Palace de Strasbourg incarne, ainsi, un exemple éloquent de métissage architectural dans une zone d’interférences des cultures française et allemande: si sur le plan, cette salle suit le modèle originel des cinémas parisiens de son époque, en façade, il évoque une façade typiquement alsacienne austèrement modernisée dans un esprit germanique. Cela dit, il n’est pas toujours aussi facile de retracer la filiation des conceptions et rétablir la généalogie des modèles en présence des similarités mises en évidence entre l’architecture cinématographique de Strasbourg et celles des capitales de part et d’autre du Rhin. Cette question touche à une problématique de l’histoire de l’architecture à laquelle on tente parfois de remédier en recourant à la notion de « l’esprit du temps ». Des variantes plus sophistiquées en sont parfois proposées, à l’instar du concept des « lignes de force » énoncé par Jacques Lucan (2002). Sous cette optique, les cinémas de Strasbourg semblent se trouver à la croisée de plusieurs « lignes de force » : certes, les pratiques française et allemande transférées par des maîtres d’oeuvre et d’ouvrage originaires de chaque aire culturelle, mais aussi, les expériences américaines – pays qui s’affirme à partir des années 1920 comme la terre du cinéma – véhiculées par les publications, recueils et revues, voire par les films eux-mêmes. Bien que ce genre de métissage puisse être constaté dans tout type d’édifice, le cinéma y a été d’autant plus propice qu’il représentait un nouveau programme, presque sans spécificité locale, s’élaborant quasi simultanément à travers le monde, autrement dit un type d’édifice éminemment international.
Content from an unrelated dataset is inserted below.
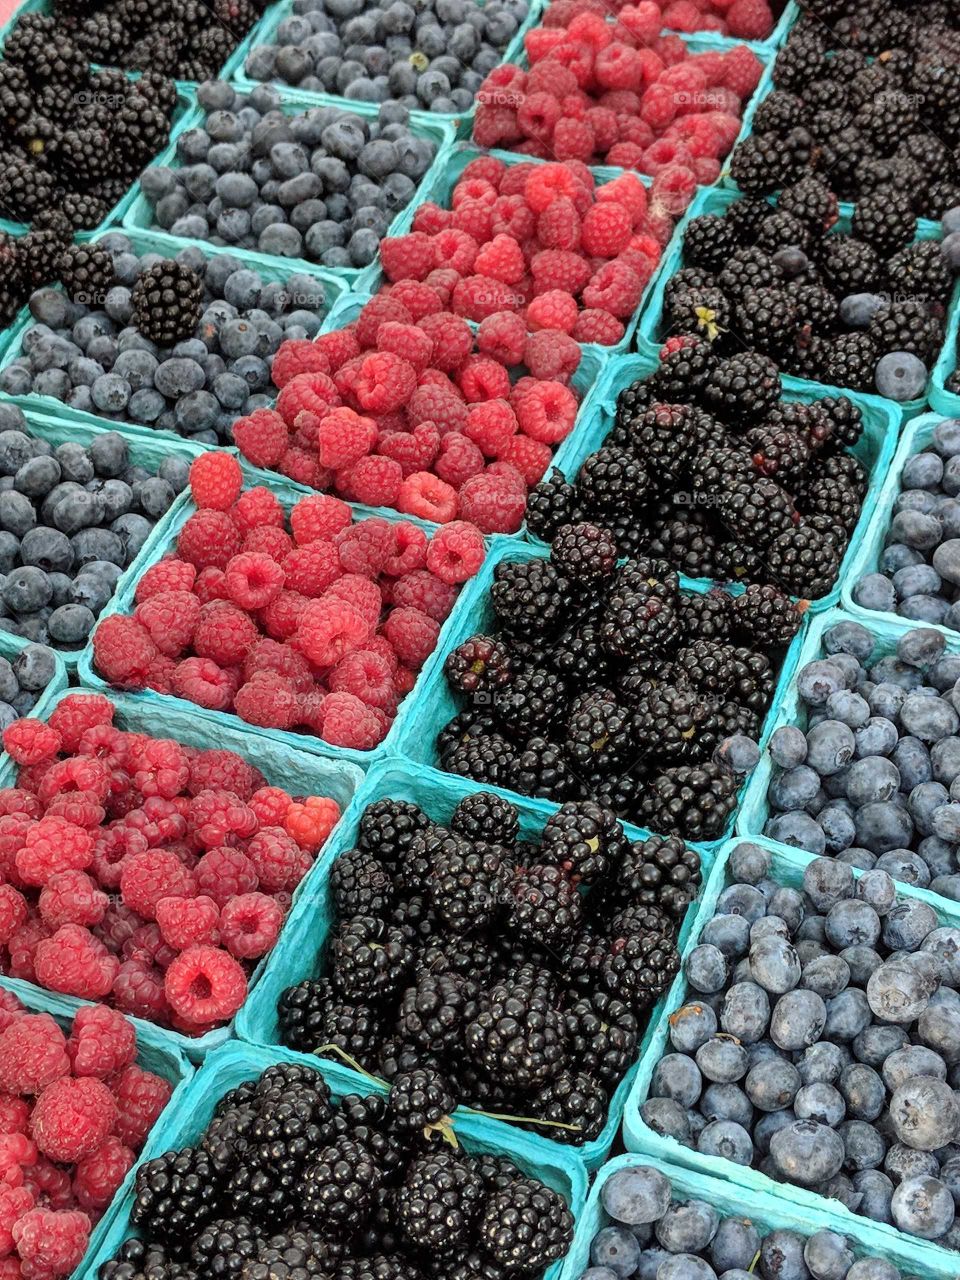 raspberries, blueberries, and blackberries

Par conséquent, les résultats de cette recherche ouvrent de nouveaux horizons et pourraient servir de base à de nouvelles études croisées sur l’architecture cinématographique à l’échelle transcontinentale.


NOTES

1Équivalent du terme Altdeutsch, littéralement « vieux allemand », alors utilisé pour désigner les originaires des autres états de l’Empire allemand que l’Alsace-Lorraine.

2À titre d’exemples voir L’Architecture d’aujourd’hui, N° 3, mars 1935 : 23 et N° 2, février 1936 : 23 ; La Construction moderne, N° 26, 51e année, 29 mars 1936 : 532 (du volume annuel) et n° 17, 54e année, 19 févier 1939 : 217.

3Pour la biographie de Pierre de Montaut, voir Midant, (1996); pour celle d’Adrienne Gorska, Bonney, (2002).

4Vladimir Scob a ensuite construit et rénové de nombreuses salles, notamment le Lutetia Cinéma à Casablanca en 1950, le Pathé Wepler à Paris en 1954, le Rialto à Nice en 1958 ; il restructurera également plusieurs cinémas dans les deux décennies suivantes, entre autres, Marignan sur les Champs Elysées, en 1968.